Вне периода обостренных духовных поисков это человек жовиальный и готовый к любовным приключениям. Будучи мальчиком, он, где удается, подглядывает за женской натурой. В зрелости после душа не забывает спрыснуть парфюмом пах. Ему нравятся женщины, особенно блондинки с тонкой талией и пышной грудью. Фи, как банально? Ну уж, о вкусах aut bene, aut nihil, как известно.

Он внимателен к одежде — чужой и своей, он чистит обувь и выключает газ. Он внимателен к своим мыслям и ощущениям, много рефлексирует. Для него важны оценки, «хорошо»-«плохо», у него есть совесть, и он, бывает, ею мучается: ушел из школы раввинов, предал в трудную минуту коллег и учеников; подлизался к иностранному начальству, получил повышение, обойдя других сотрудников фирмы. Но обычно себя оправдывает — при общей тревожности и недовольстве внешним миром к себе он снисходителен.

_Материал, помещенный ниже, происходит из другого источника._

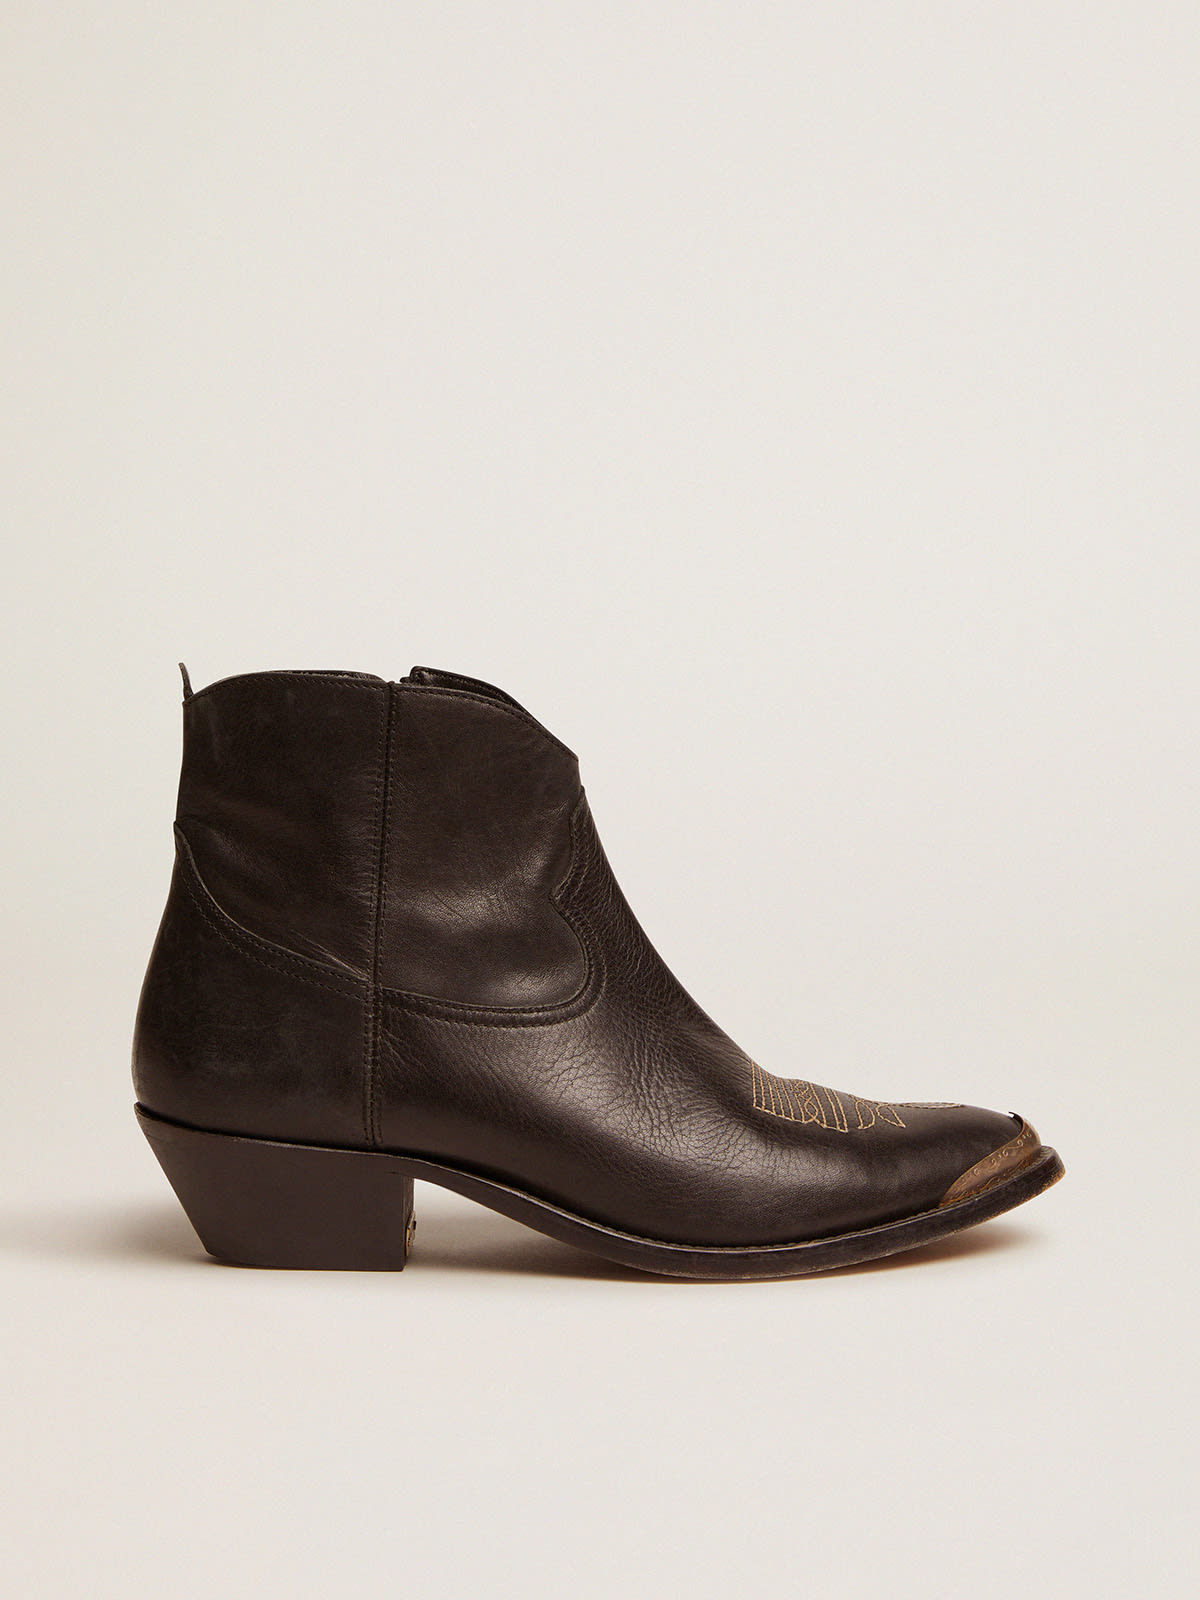 Golden Goose - Ankle boot Feminina de couro com decoração western in

Он старательно и методично предает свое происхождение. Он забывает снять обувь на шиве по тестю. Он уходит из школы раввинов и десятилетиями не открывает свой старый молитвенник. Слово «еврей» для его ушей — как удар бича, сам он ни за что его не произнесет. Увидев на улице группу хасидов, он на весь вечер лишается потенции.

В его жизни прочно обосновалась смерть. Родители обсуждают свою кремацию и не верят, что он, растяпа, сумеет точно исполнить их волю. Он смотрит в кинотеатре документальное кино — про вскрытие групповых захоронений детей из концлагерей — и молится, чтобы увидеть, или не увидеть, среди мертвых знакомые лица — своего сына и дочери. Время от времени он оказывается на кладбище. Хоронит тетку — почему-то через три недели после смерти. Едет в деревню захоранивать 1417 серых и розовых кусков мыла R.I.F. (в его расшифровке — «чистый израильский жир») — в память о погибших соплеменниках из всех окрестных деревень.

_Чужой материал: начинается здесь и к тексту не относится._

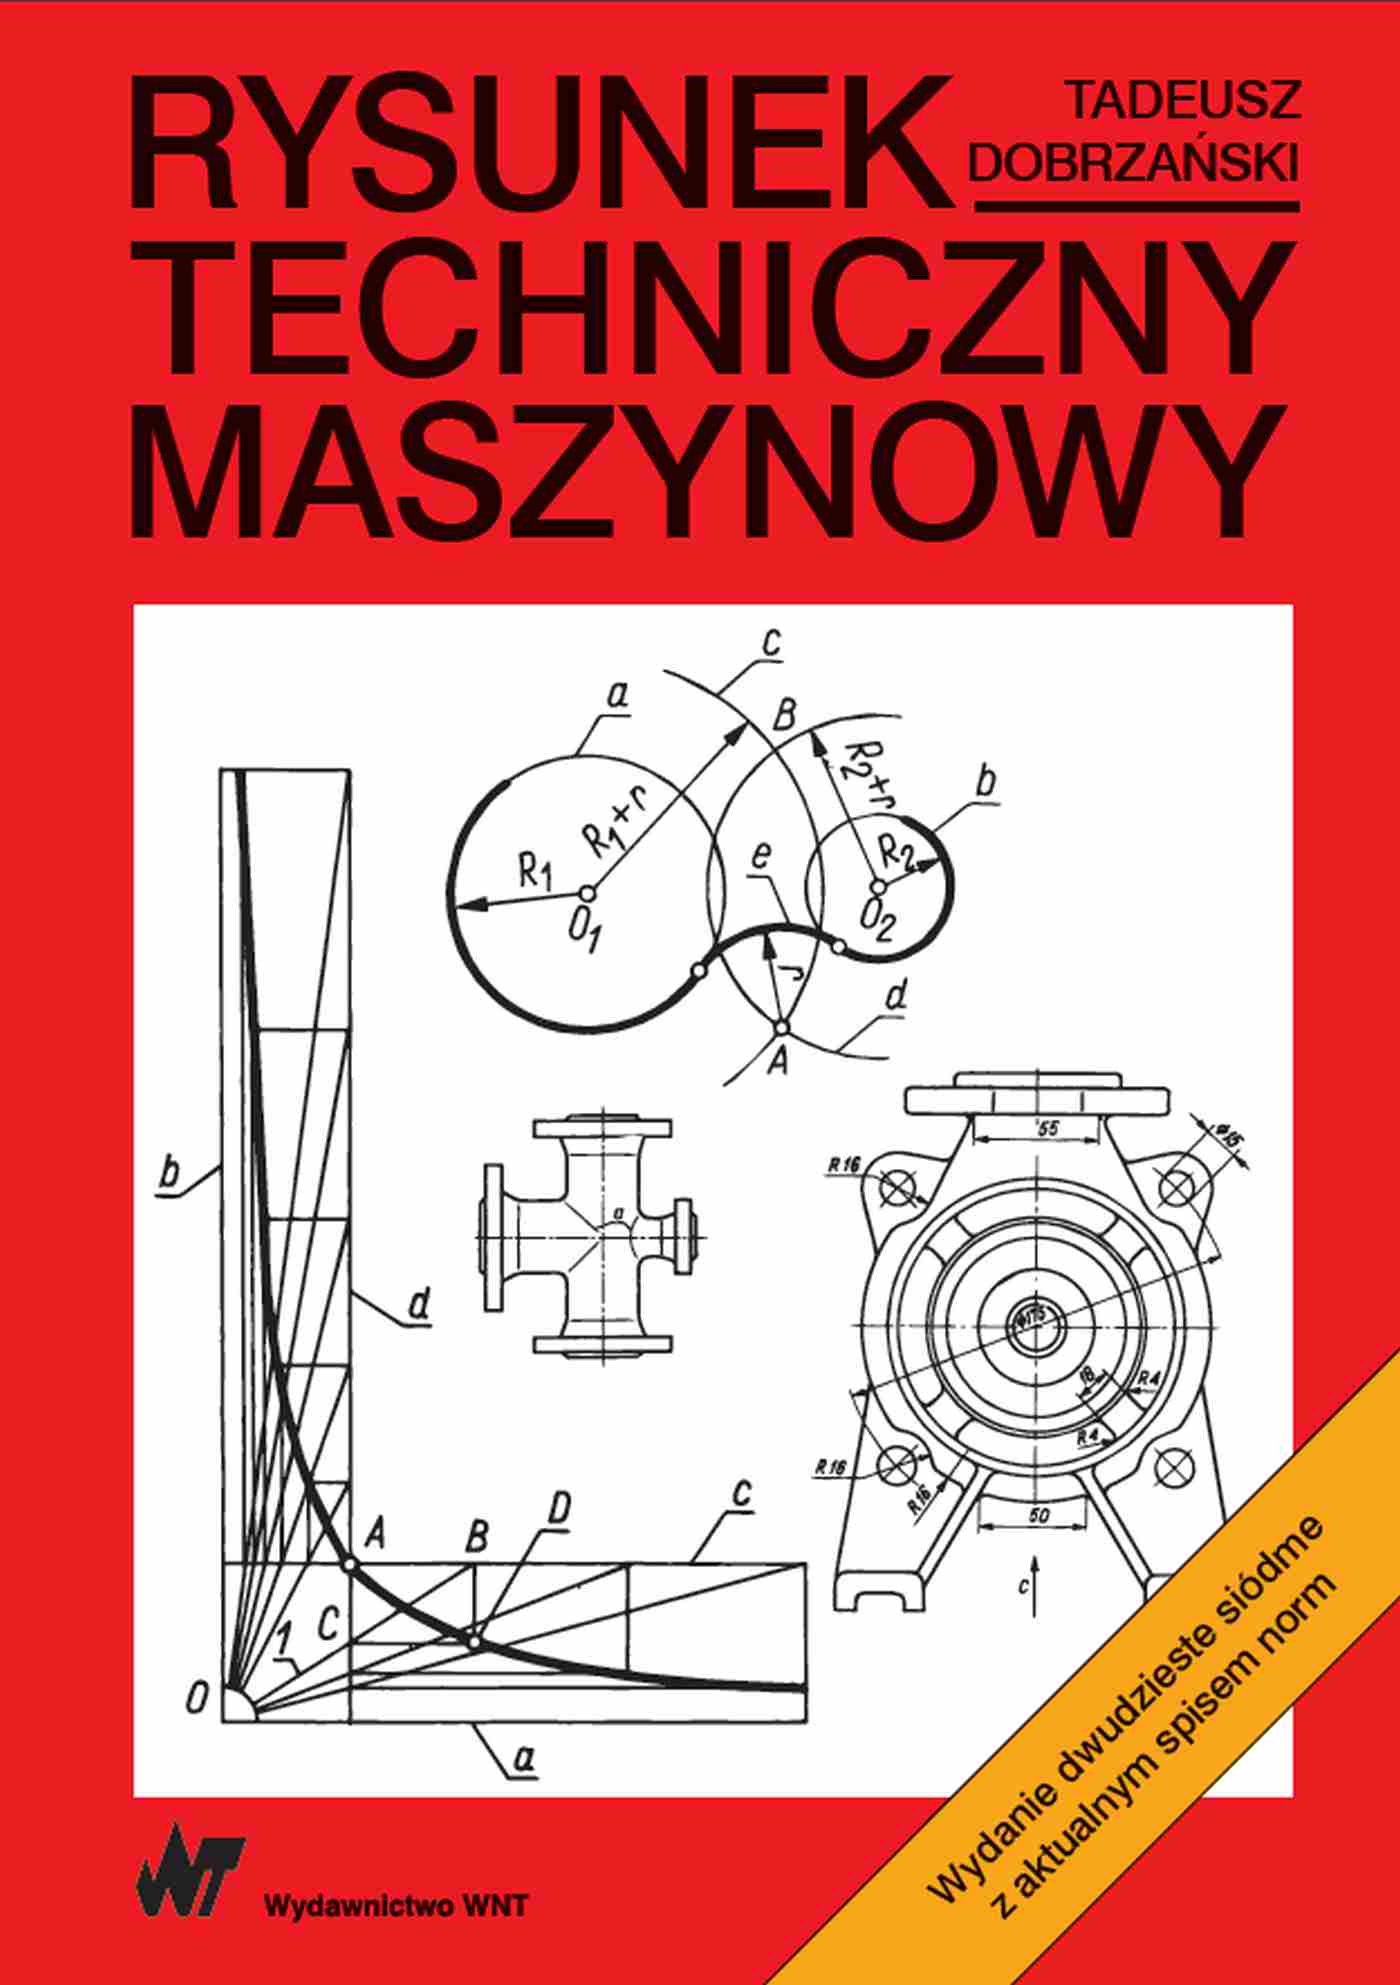 Carte Rysunek techniczny maszynowy Tadeusz Dobrzański

Но еврейство свое и своего рода ему замолчать и захоронить не удастся — личная политика тут проваливается так же, как и государственная. Ибо мир тесен, и евреев в нем много, и велик шанс, что какой-нибудь галицийский раввин узнает в нем своего соученика по иешиве. Или какая-нибудь услужливая душа расскажет его сыну про родство с Тетельбоймами, раввинской династией сатмарских хасидов, и станет его Андришка Авроомом, в черной «траурной» шляпе, надвинутой на глаза, и жить будет не в Будапеште, а в Боро-Парке...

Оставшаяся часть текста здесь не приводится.